● What is needed
The result should be the full listing copied exactly, with no pictures in it.

● Data segment
▬▬▬▬▬▬

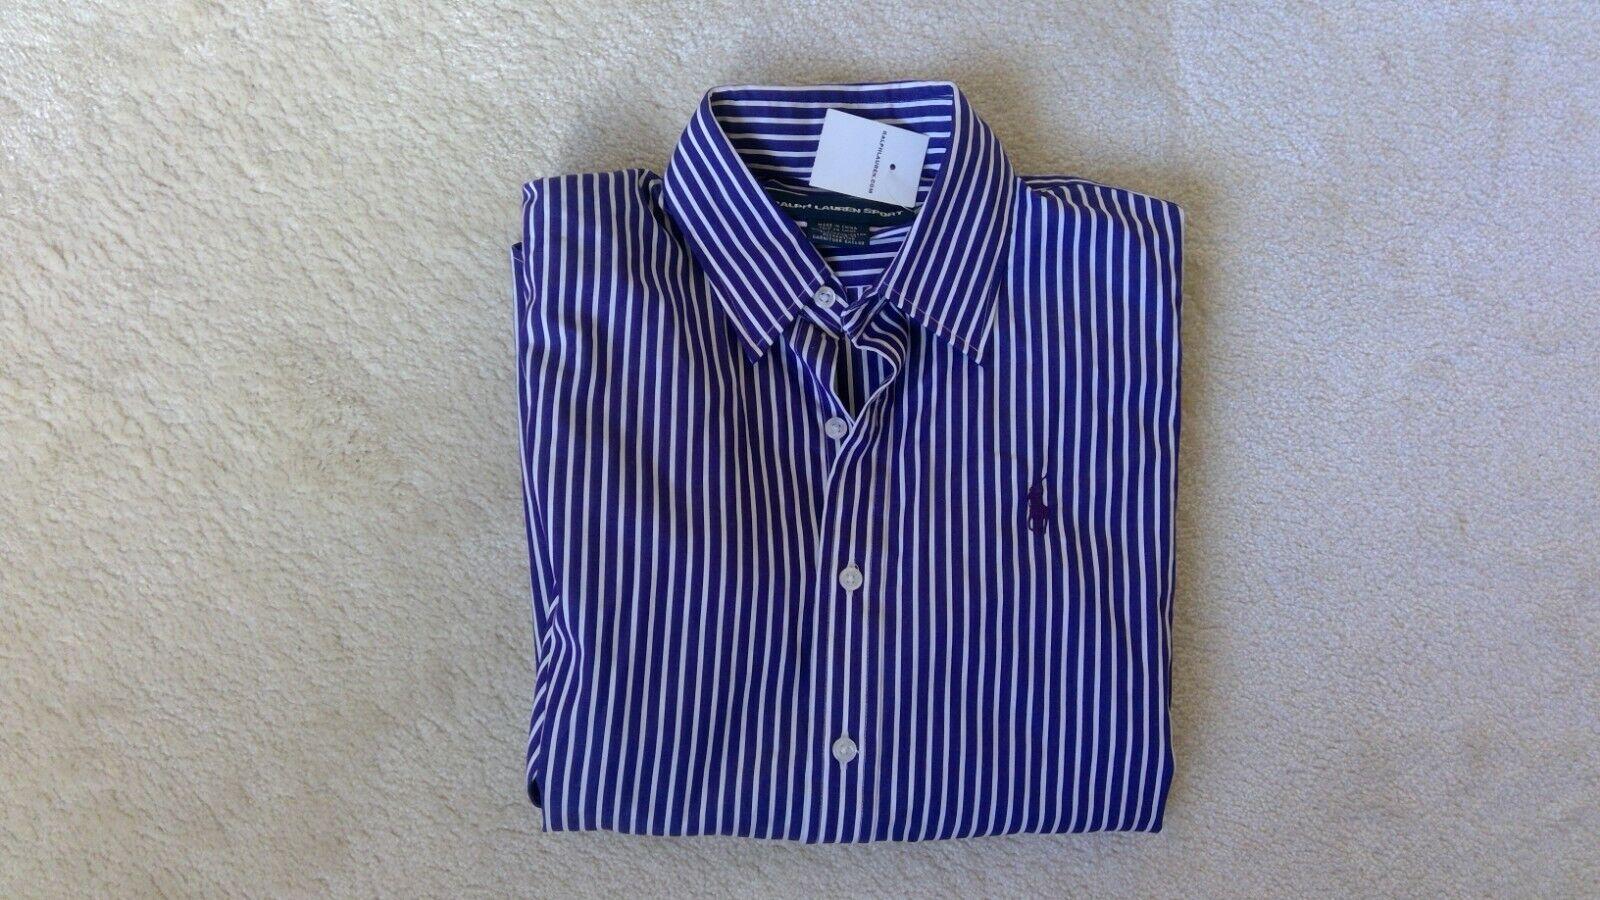 Ralph Lauren Shirt - Dark Purple & White Stripes - Size 10 - Brand new with tags
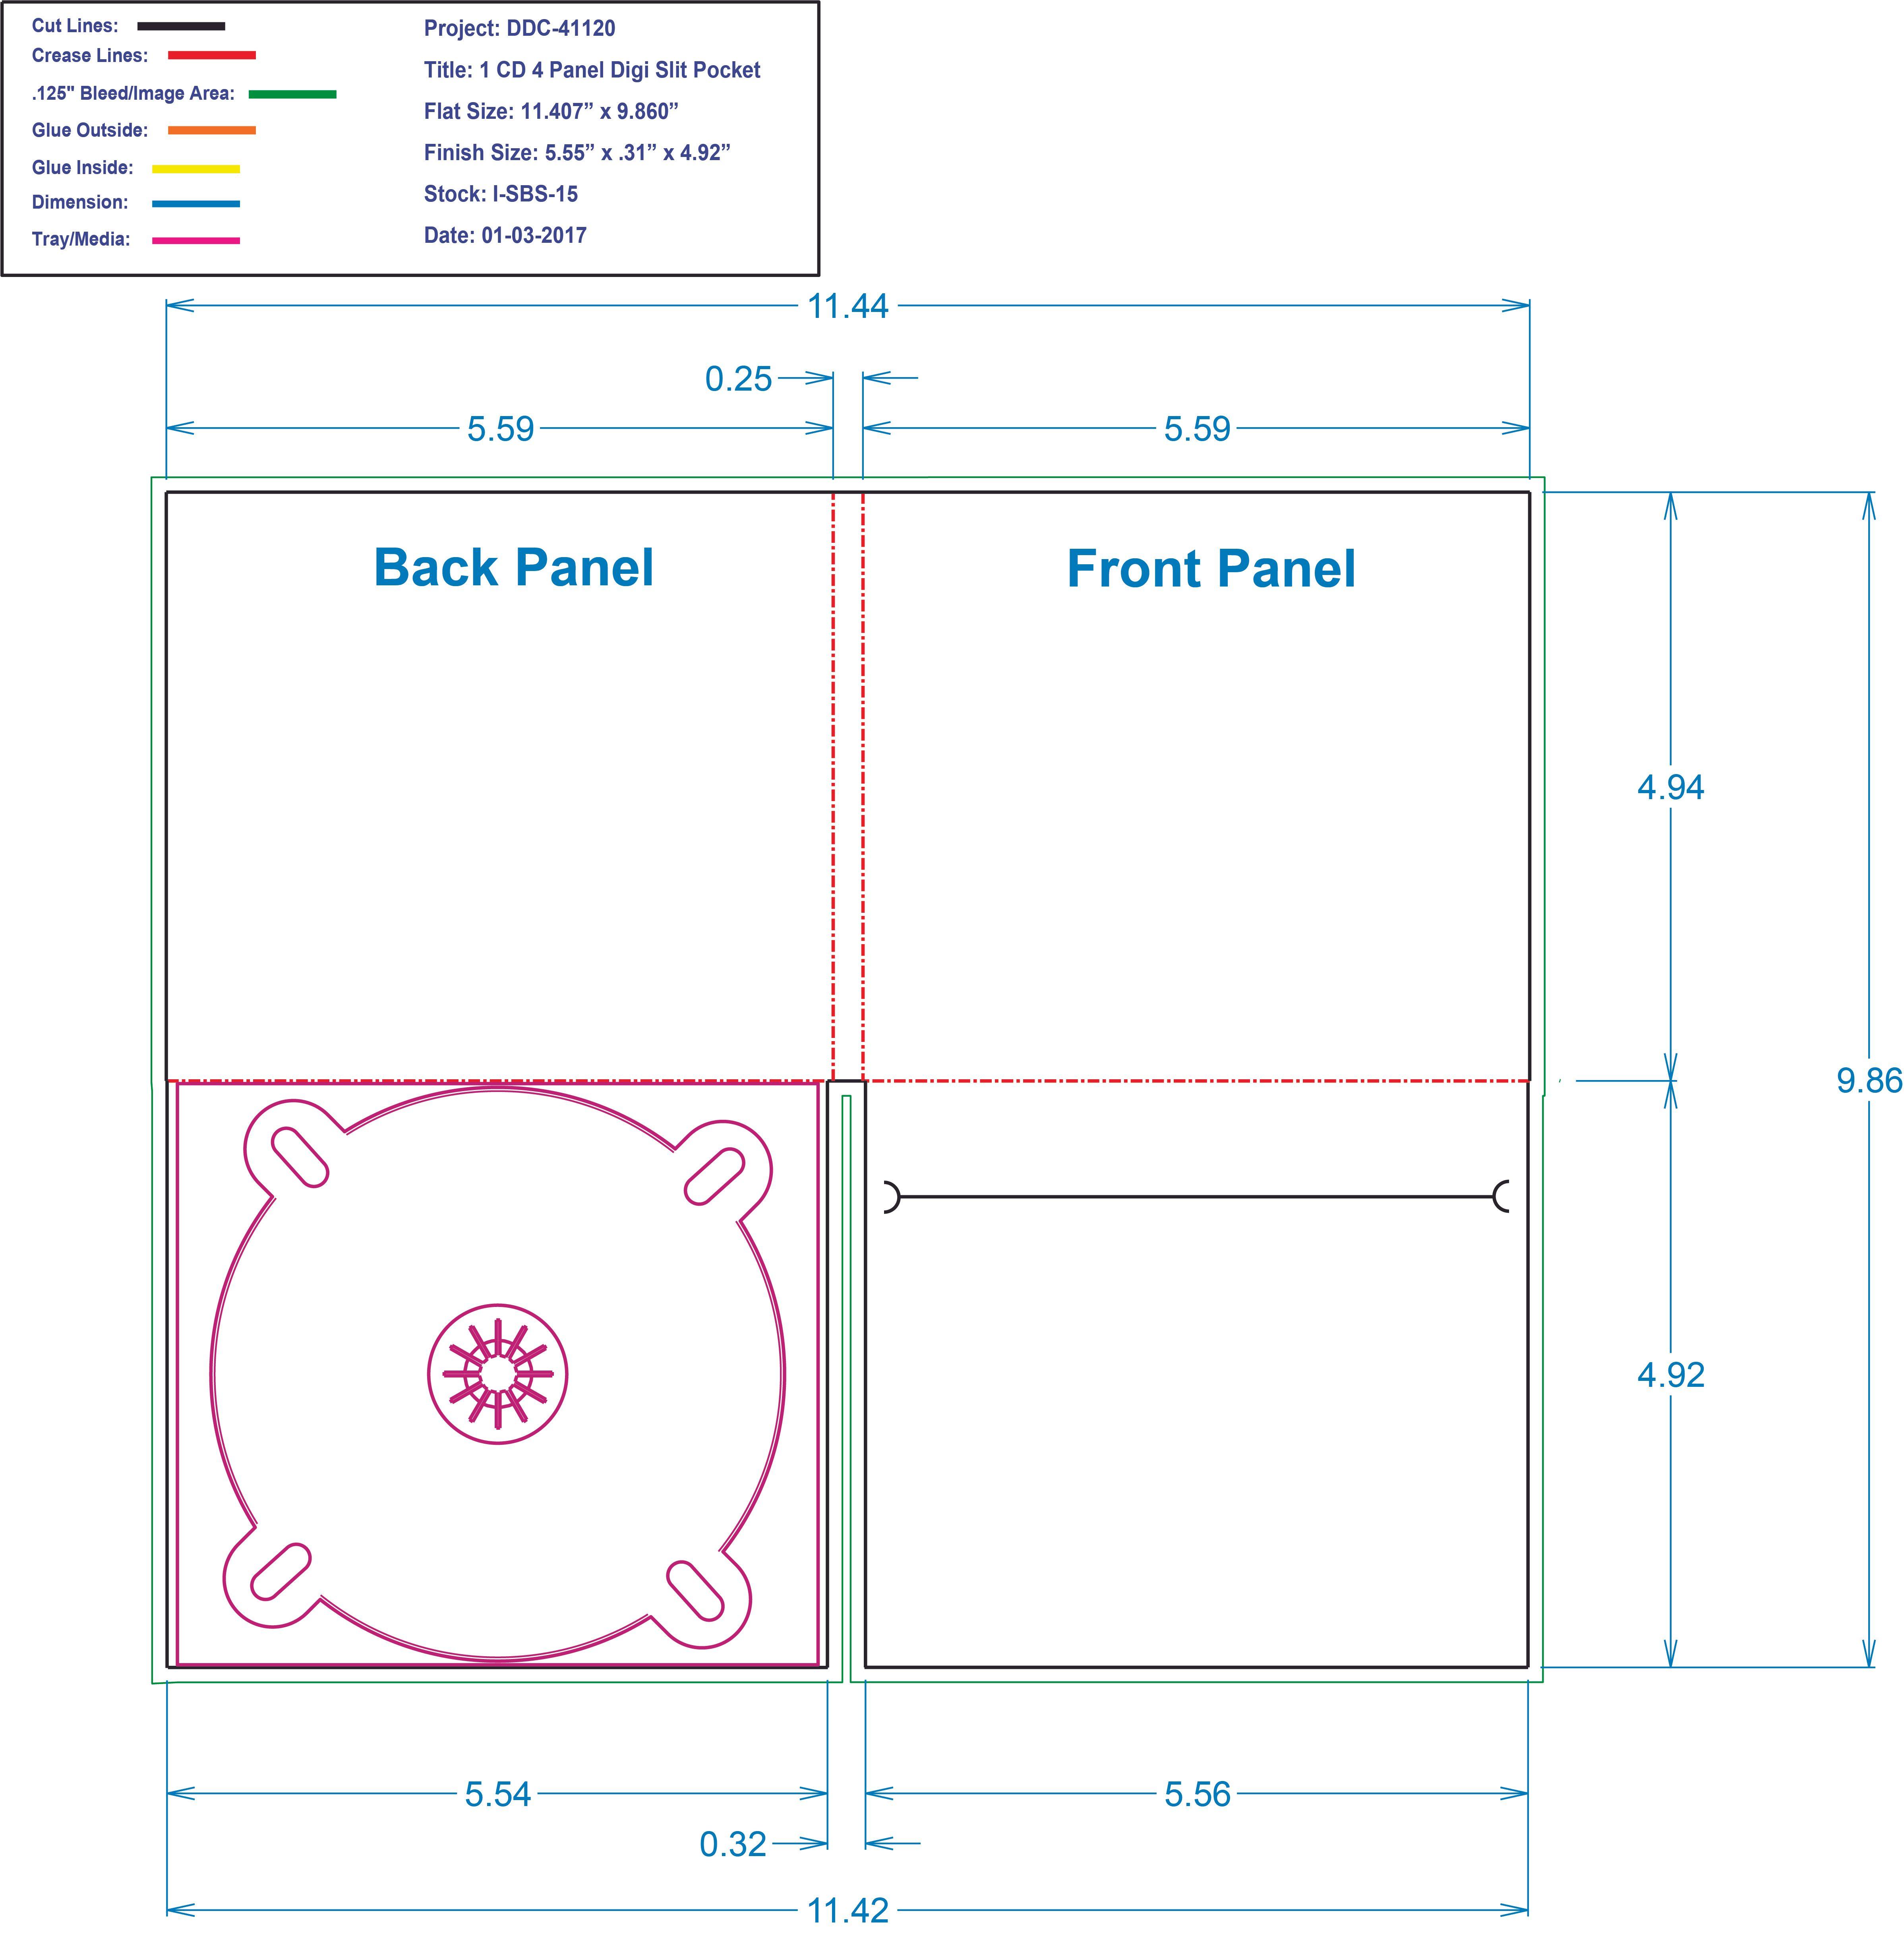 DDC41120 - 4 Panel Digi 1 Tray, Slit Pocket
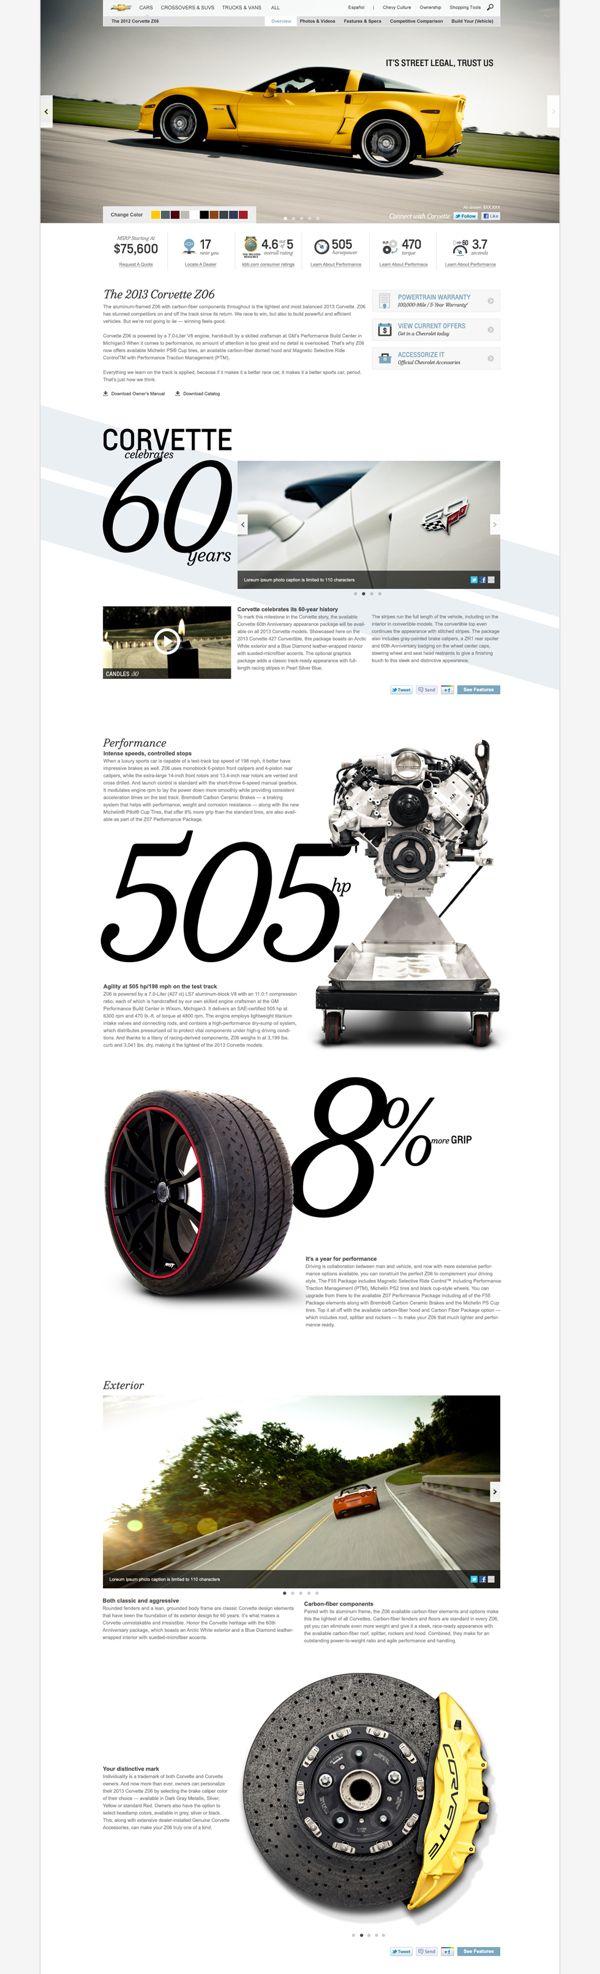 chevy.com by Lauren Totman, via #Behance #webdesign
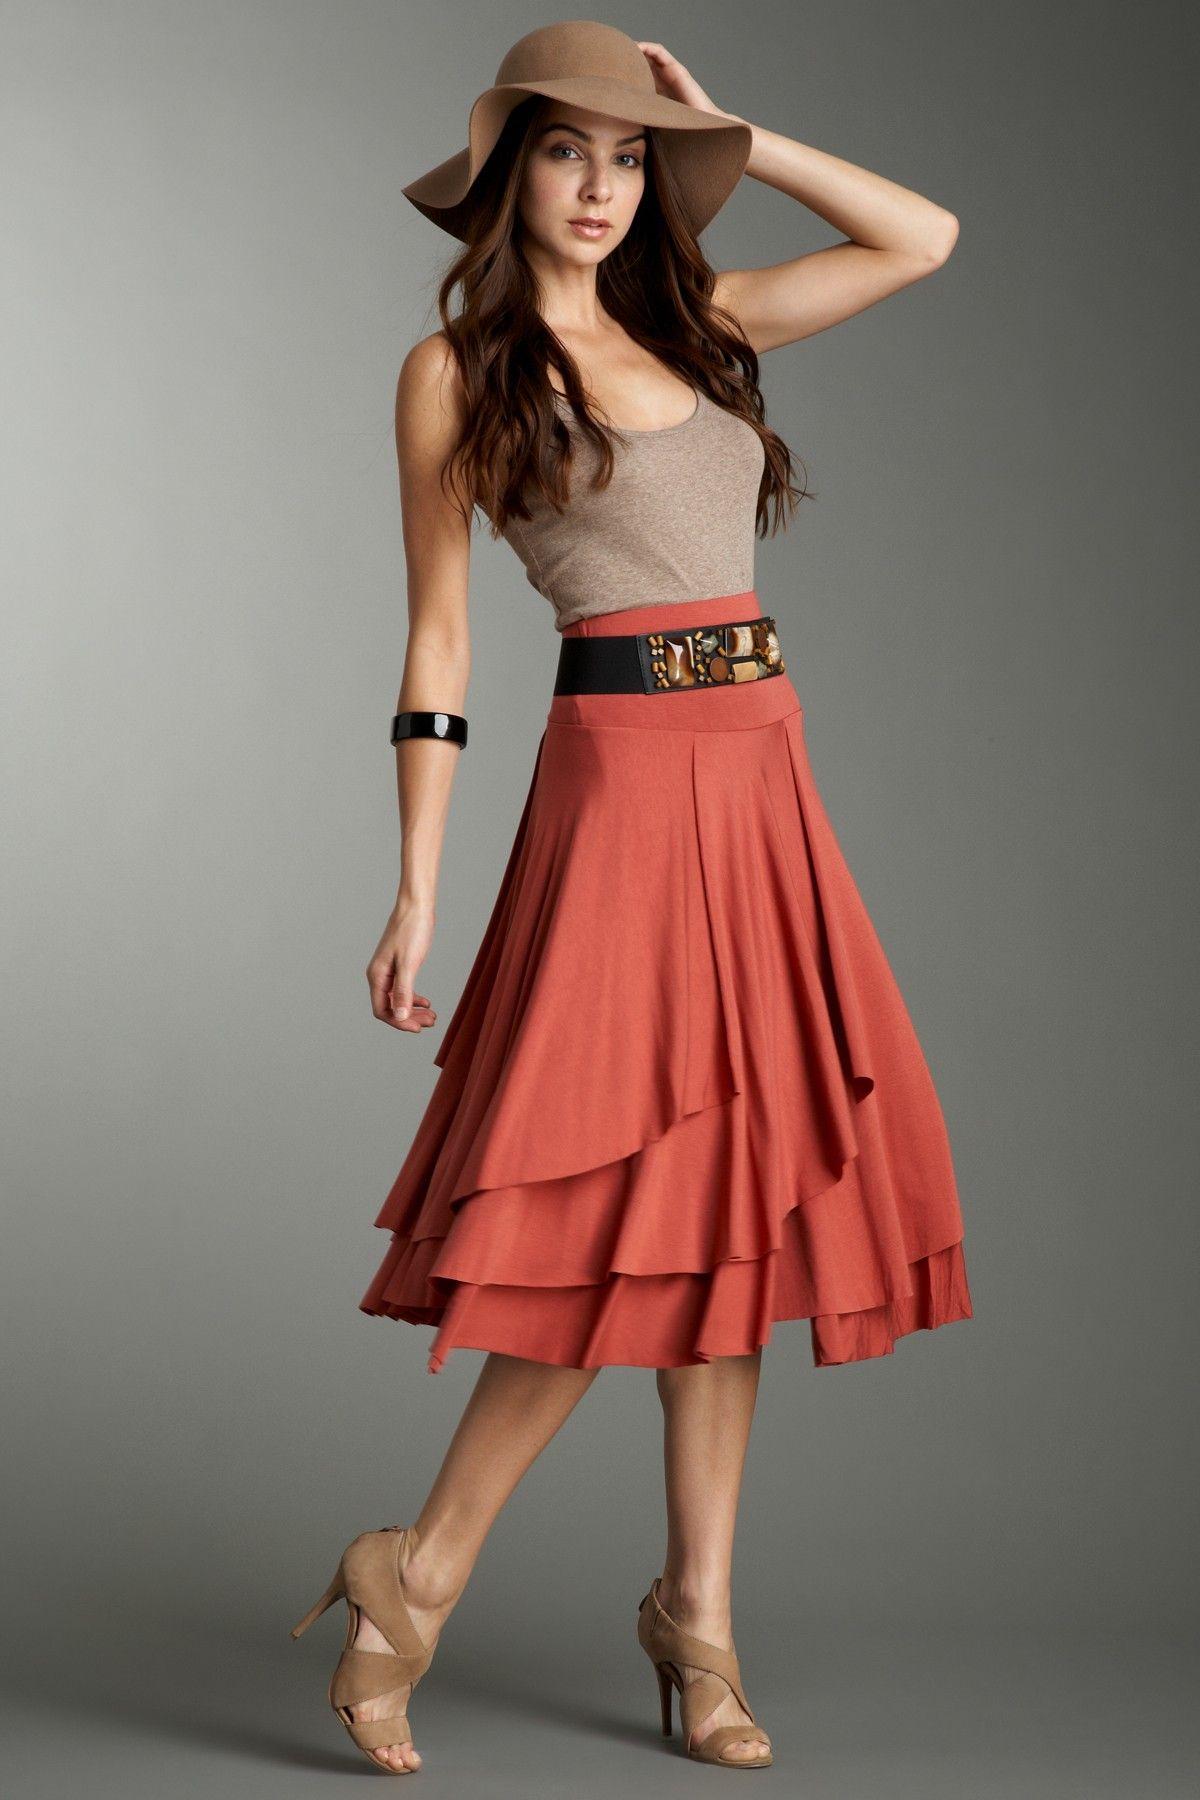 78271b1d5cbe3 Cute Outfit- Rachel Pally Cascade Convertible Dress Skirt Wish I had the  legs to pull

▬▬▬▬▬▬

● Reply
 Ralph Lauren Shirt - Dark Purple & White Stripes - Size 10 - Brand new with tags
 DDC41120 - 4 Panel Digi 1 Tray, Slit Pocket
 chevy.com by Lauren Totman, via #Behance #webdesign
 78271b1d5cbe3 Cute Outfit- Rachel Pally Cascade Convertible Dress Skirt Wish I had the  legs to pull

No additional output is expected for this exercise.